Felton and Swarland Local History Society welcomed back Jane Bowen, a local expert historian, from Belford.
She gave us a talk on The wreck of the Pegasus, July, 1843.
SS Pegasus was built in 1835 in Barclays Yard, Glasgow. She was a paddle steam passenger ship with rigged sails built for the Hull and Leith Steam Packet Company.
On July 19, she set off from Leith Quay. The captain was Alexander Miller and his second mate was his brother, Thomas Miller. As well as passengers the boat carried barrels, sacks and cargo crates.
It was a lovely summer’s evening, with light winds and good visibility. By 8pm the passengers and crew were settled into the ships routine and by 10.30pm the vessel was heading south towards the Farne Islands.
These islands lie close to Holy Island and the jagged rocks and fast flowing tides emphasise the need for sailors to be wary. The captain decided to take the Inner passage leaving the Goldstone Rock, north of the Farnes to port and pass between it and Plough Rock.
At 20 minutes past midnight, SS Pegasus struck the Goldstone Rock, the vessel has left the Goldstone buoy to starboard instead of port and struck her bow on a jagged rock. Captain Miller decided to reverse the ship off the rock and make for Holy Island just over a mile away. The turbulence upset the lifeboat and threw the passengers into the sea. As she steered towards the shore, the water flooded the vessel and extinguished the boiler fires and she went down shortly after 1am.
Out of 14 passengers (possibly more) and 16 crew there were only six survivors.
The night was clear and the water still. One of the survivors, Charles Bailey, ‘could perceive a number of persons struggling in the water their cries and groans most awful and inexpressive’
The Martello Steamer, belonging to the same company, on her voyage from Hull noticed the disaster as she made her way to Leith at 5am.
For several weeks, bodies and various items were washed up along the Northumbrian shore.
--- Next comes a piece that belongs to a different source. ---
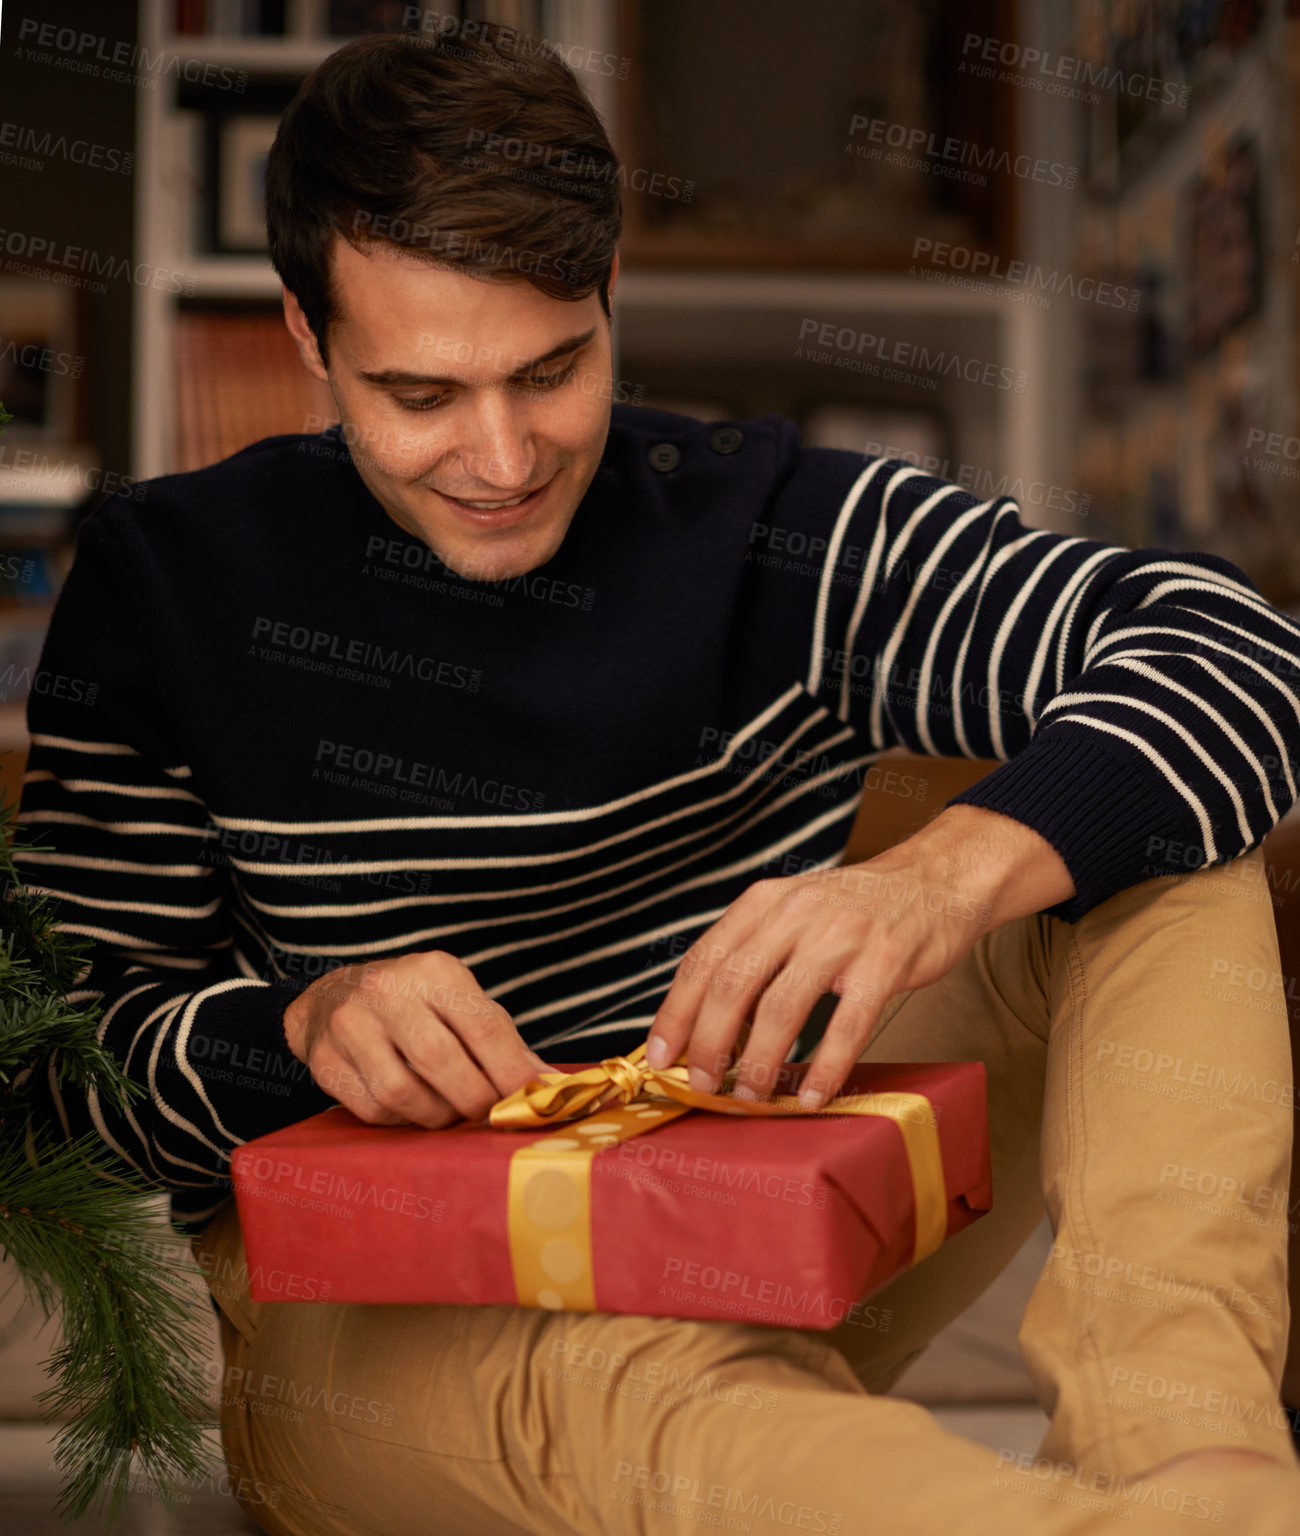 Buy stock photo Shot of a handsome young man getting ready for Christmas

Attempts by the Hull and Leith Steam packet company to raise the wreck were abandoned.
All that remains of the tragedy in Northumberland is a tombstone memorial to Fanny and Field Flowers, two of the children who died. The memorial is outside the west door of Lindisfarne Priory.
In Bamburgh churchyard are the remains of Rev JM Mackenzie who prayed with the passengers as the Pegasus sank.
Chairman, Eileen Cameron thanked Jane Bowen for her informative and interesting talk.
After refreshments were served the meeting closed at 9.15pm.
Our next meeting is on Monday, May 19, at 7.30pm in the main hall in Felton Village Hall. Hilary East and Hazel Graham tell of the lives of the fishwives through song, drama and dance. It is our last indoor meeting. We will bring our own food, wine and soft drinks. Guests and visitors welcome, entry fee £2.50.